→ **Work to be completed**: Return exactly the lines from the one containing "Assembléia decidiu lutar" through the end of the material below, and leave the images out.

→ **Collected material**:
------------------------------------
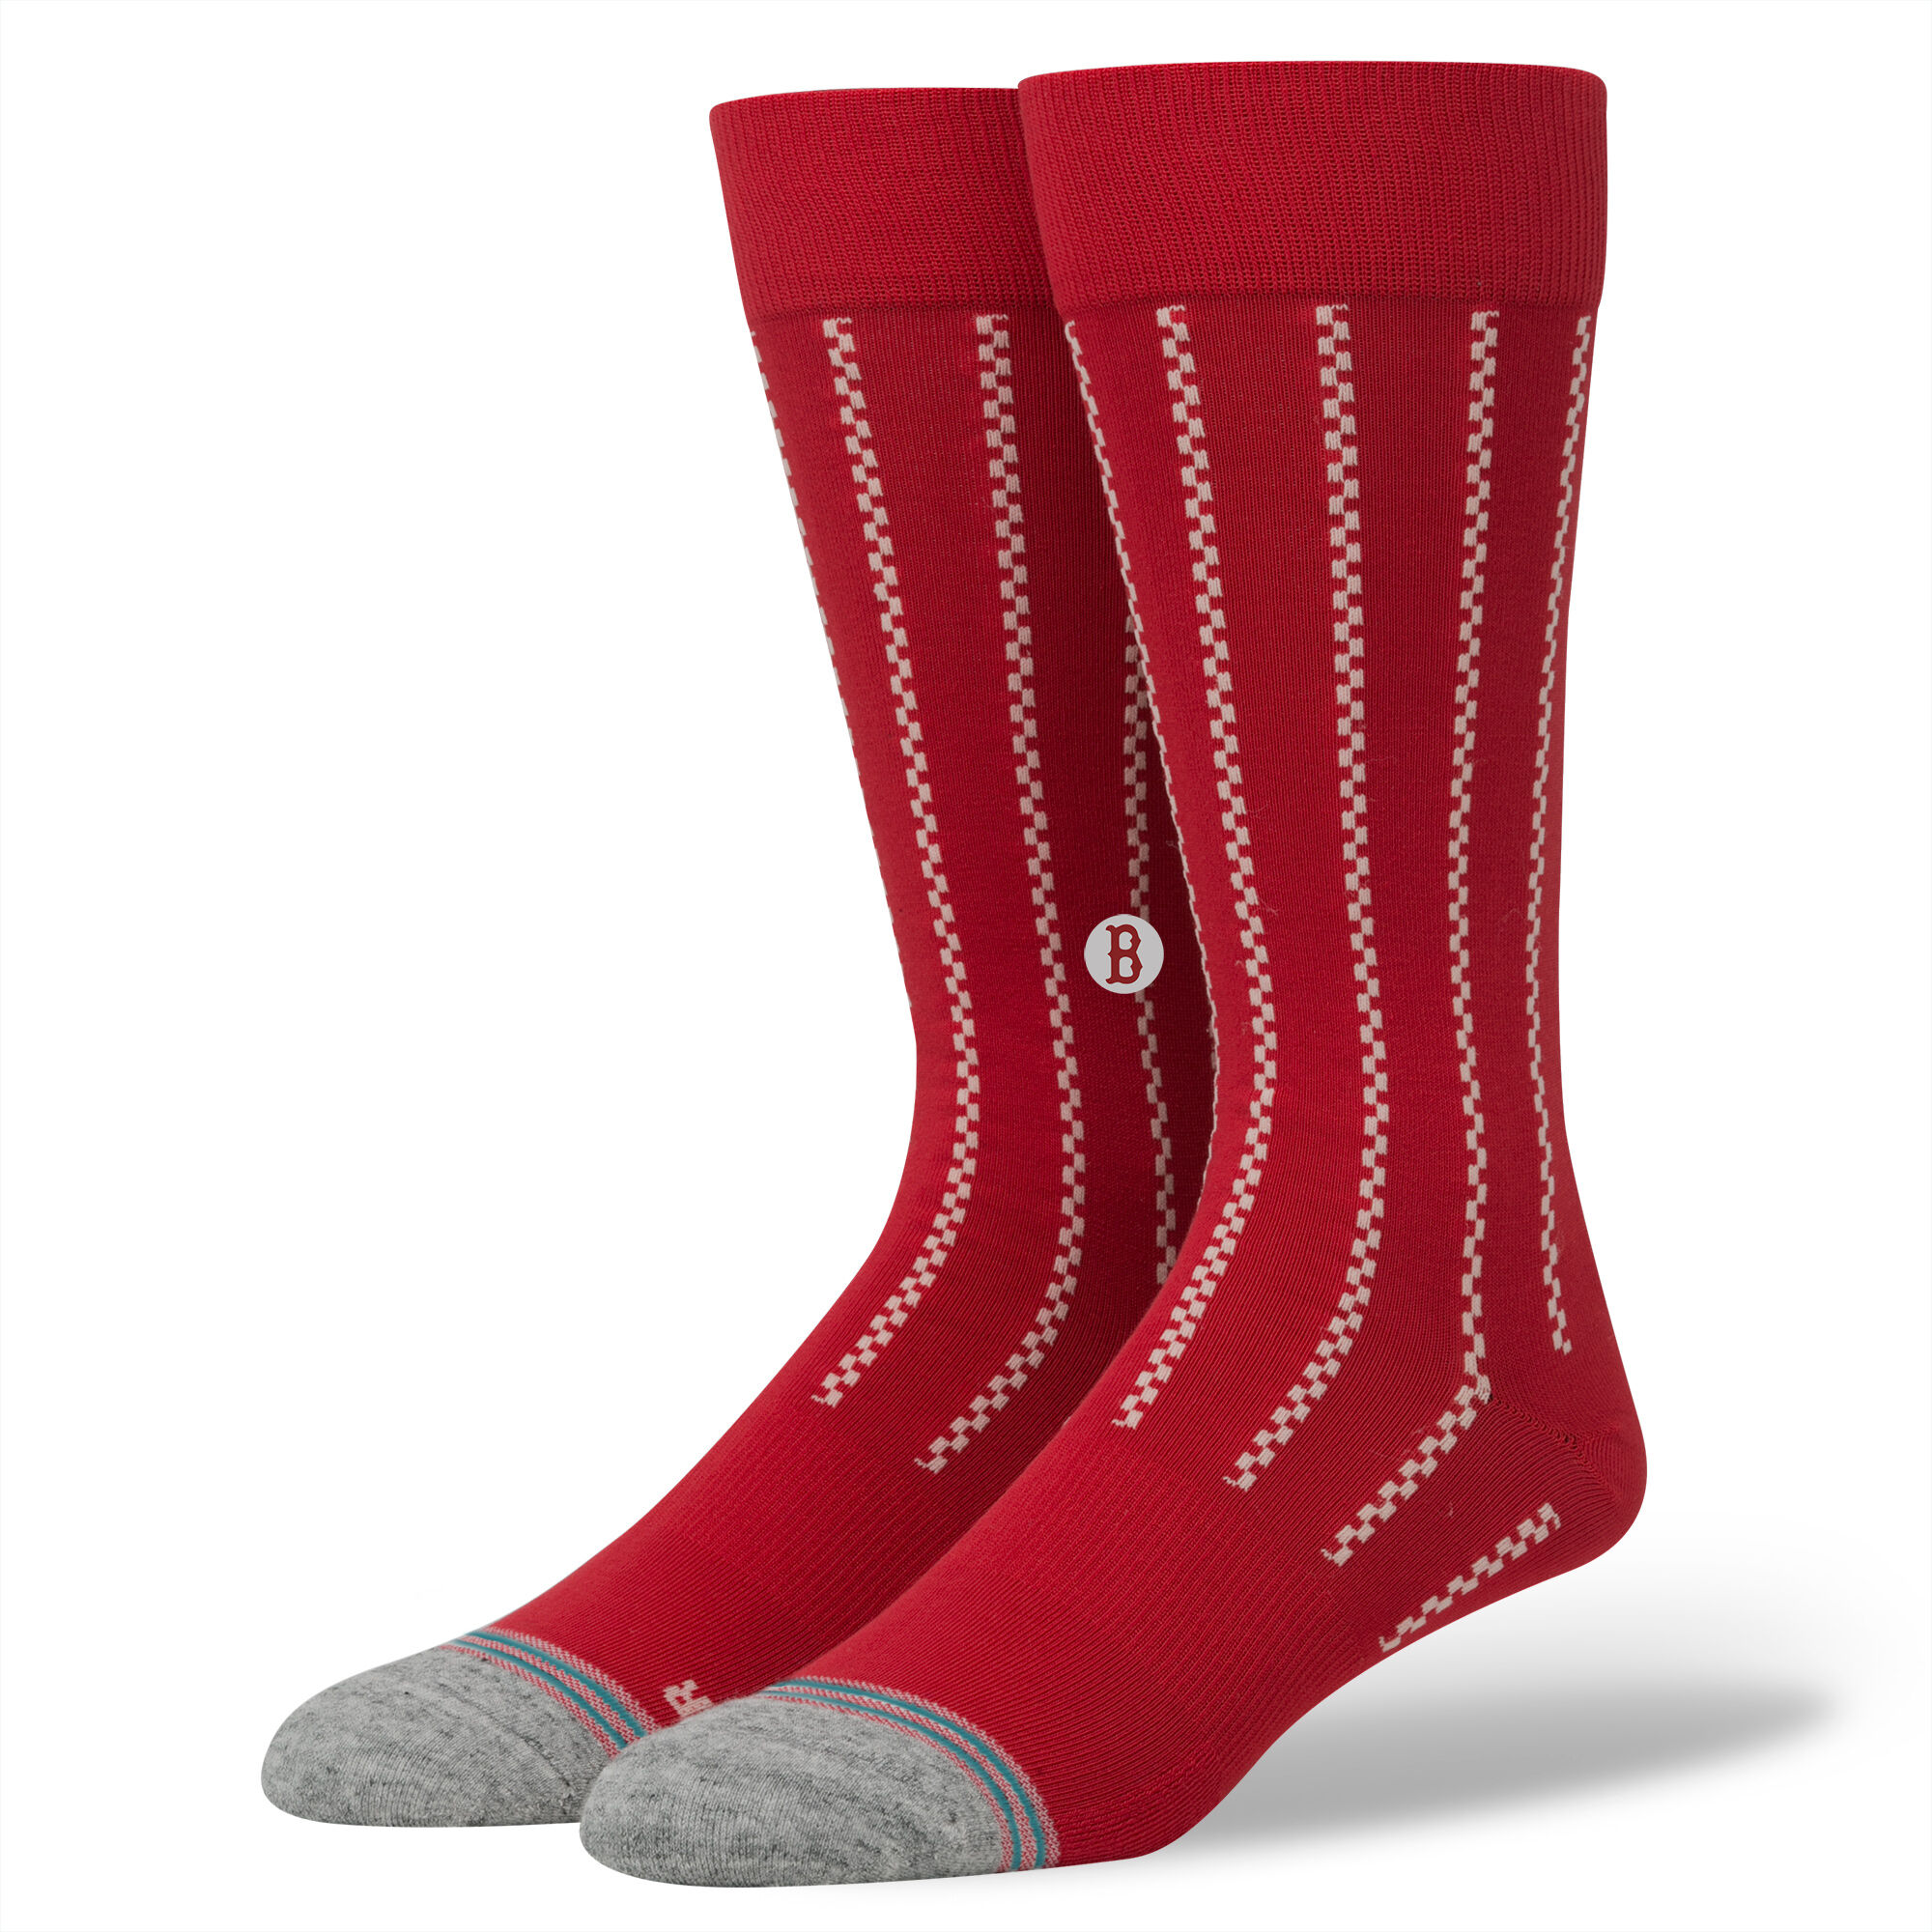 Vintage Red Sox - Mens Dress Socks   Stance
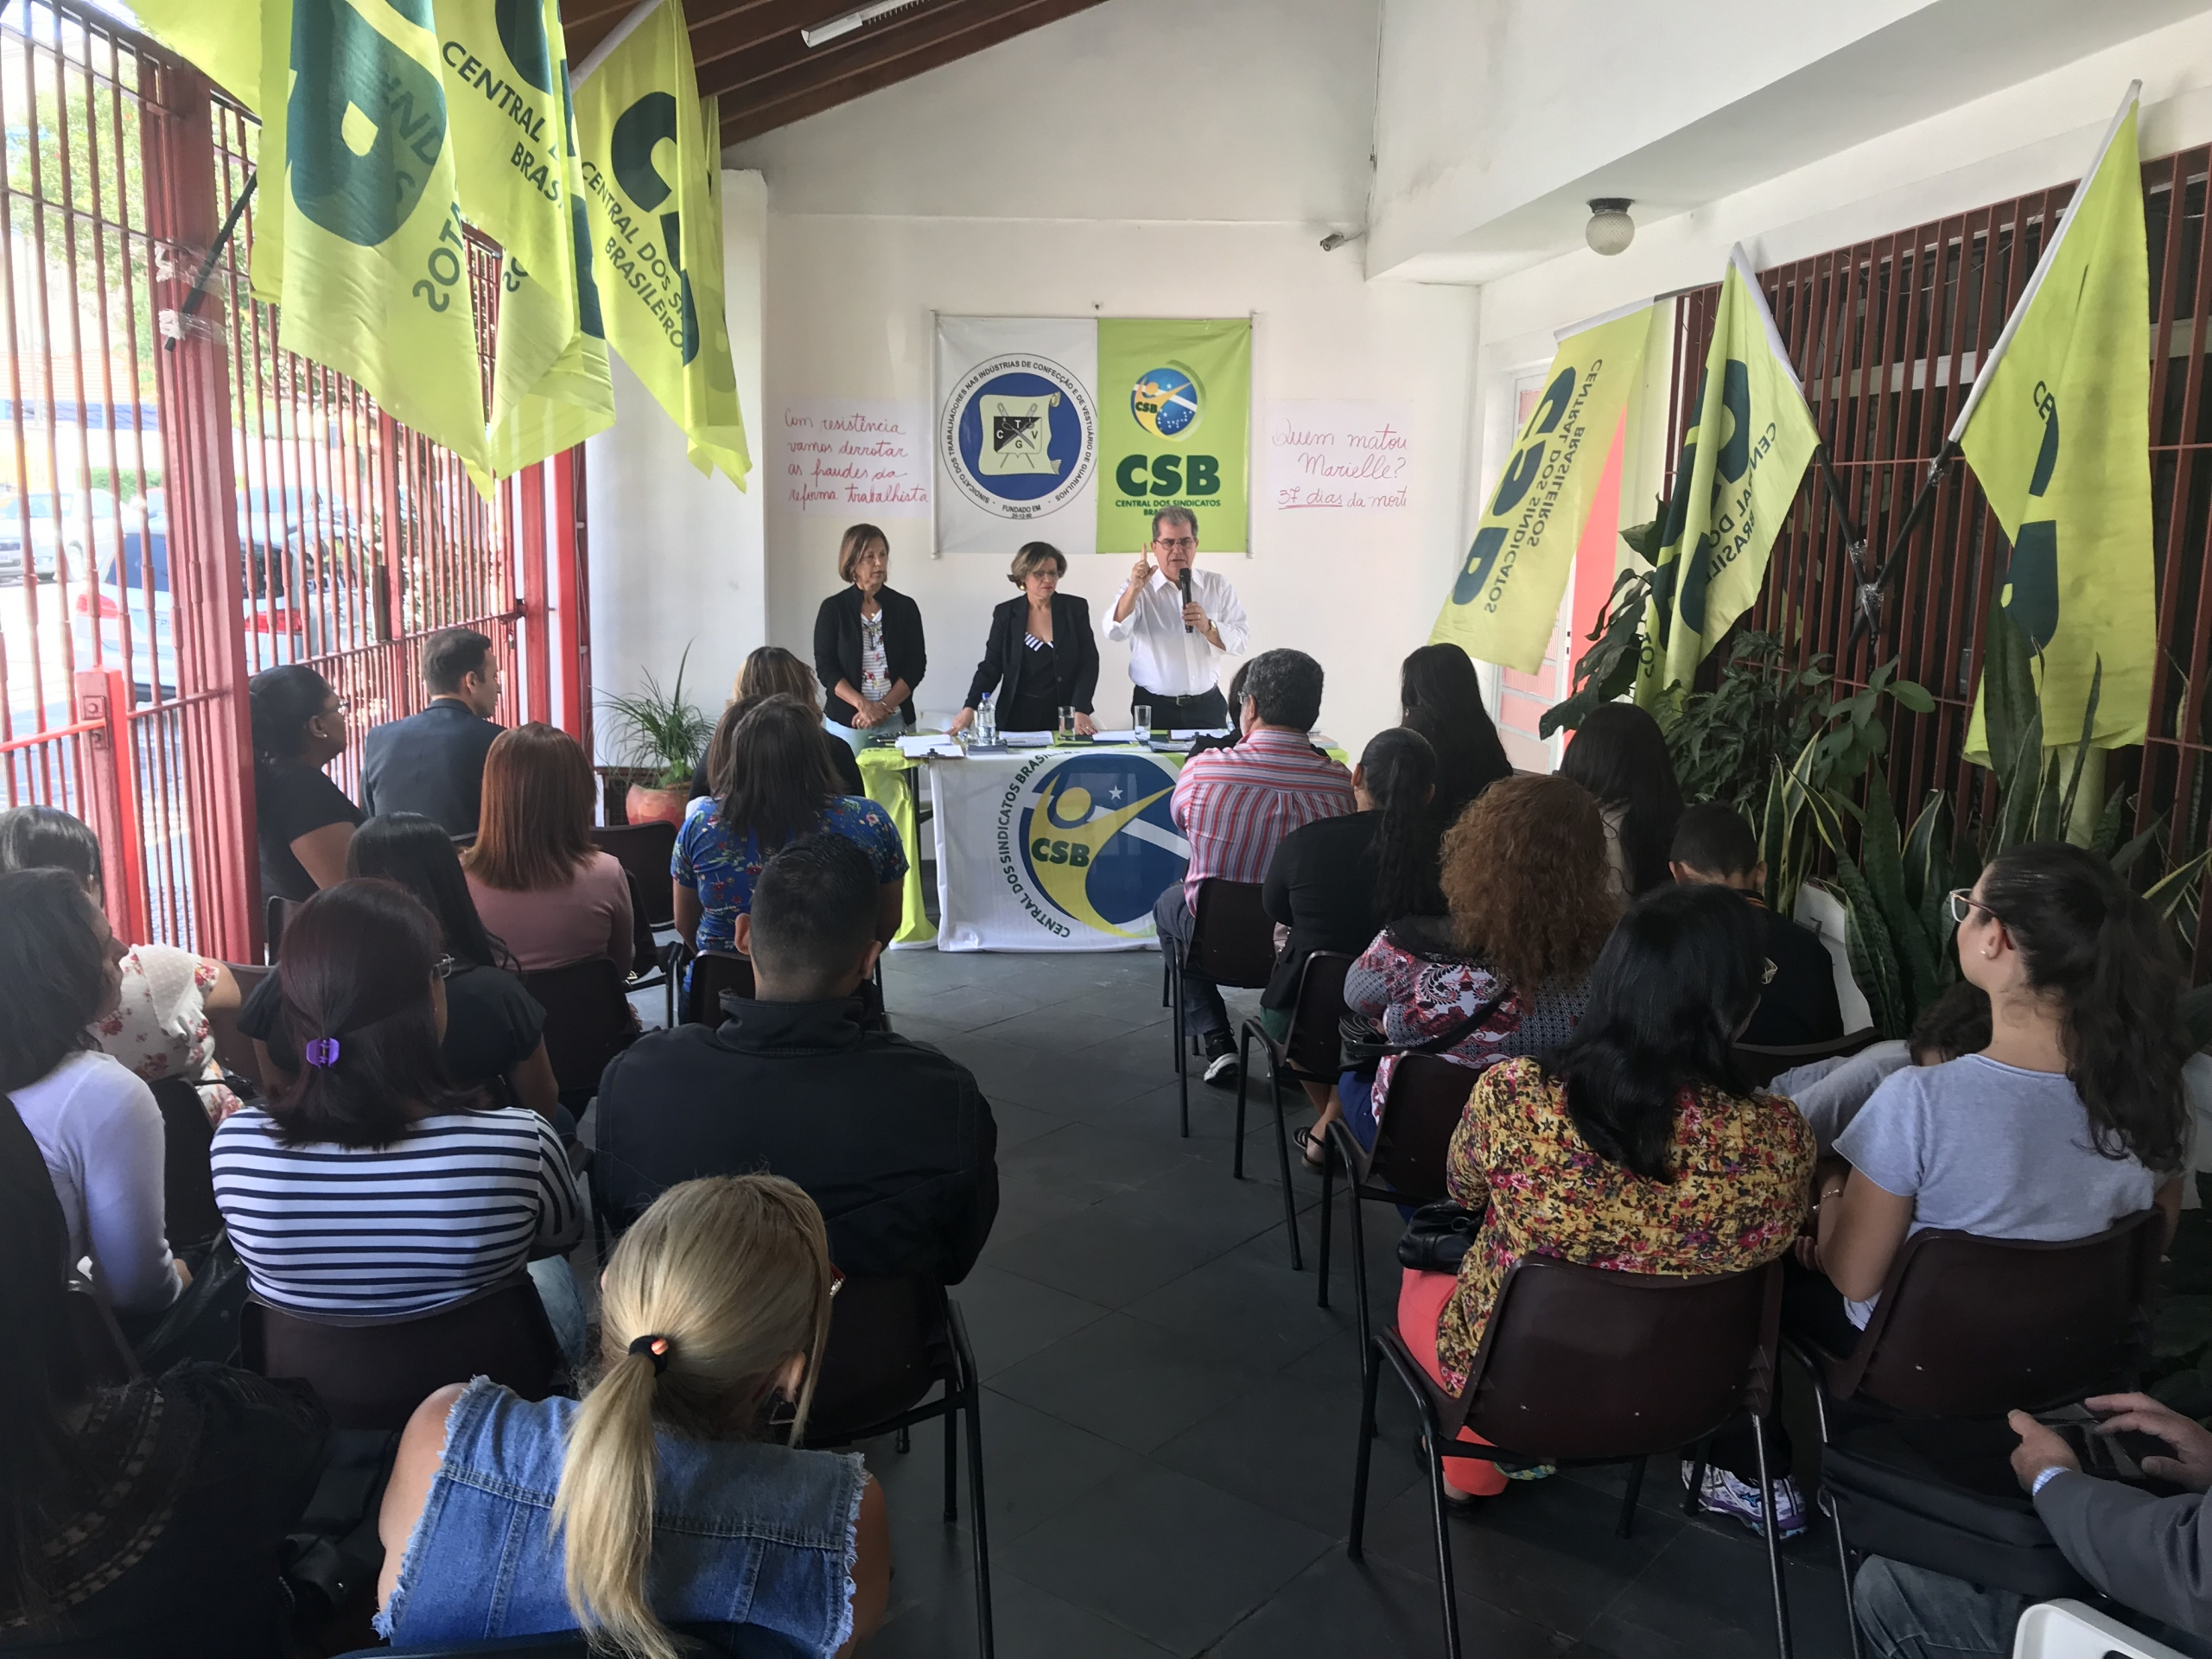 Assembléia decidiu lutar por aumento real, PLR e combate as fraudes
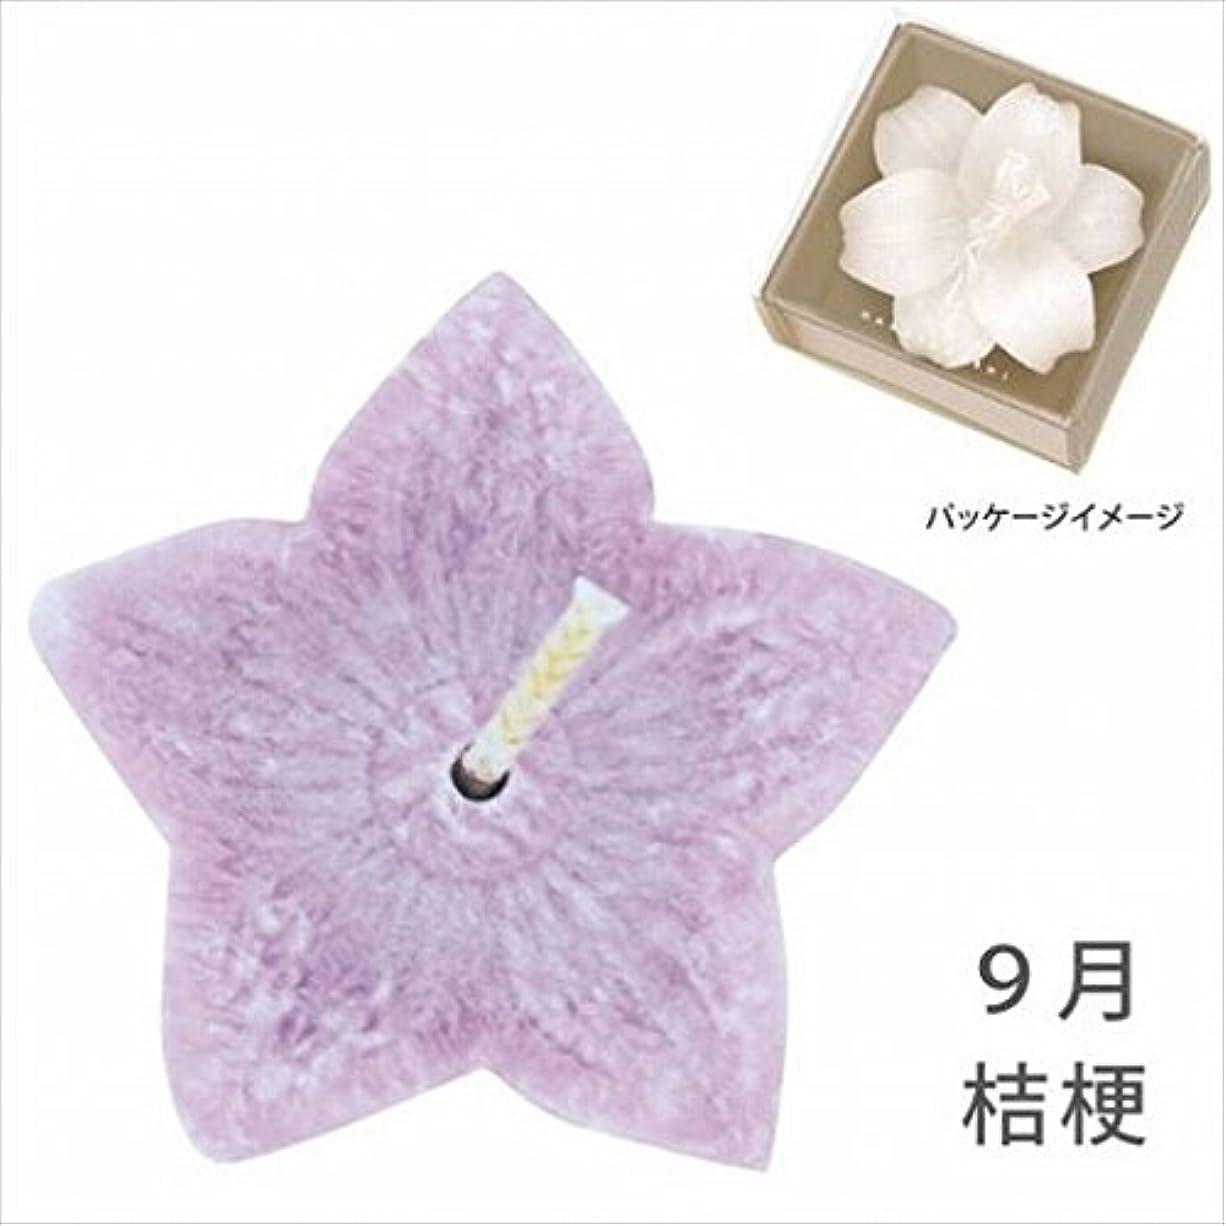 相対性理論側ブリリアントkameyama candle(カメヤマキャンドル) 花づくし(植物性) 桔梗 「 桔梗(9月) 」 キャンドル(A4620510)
------------------------------------
→ **Answer to this problem**:
 Assembléia decidiu lutar por aumento real, PLR e combate as fraudes
 相対性理論側ブリリアントkameyama candle(カメヤマキャンドル) 花づくし(植物性) 桔梗 「 桔梗(9月) 」 キャンドル(A4620510)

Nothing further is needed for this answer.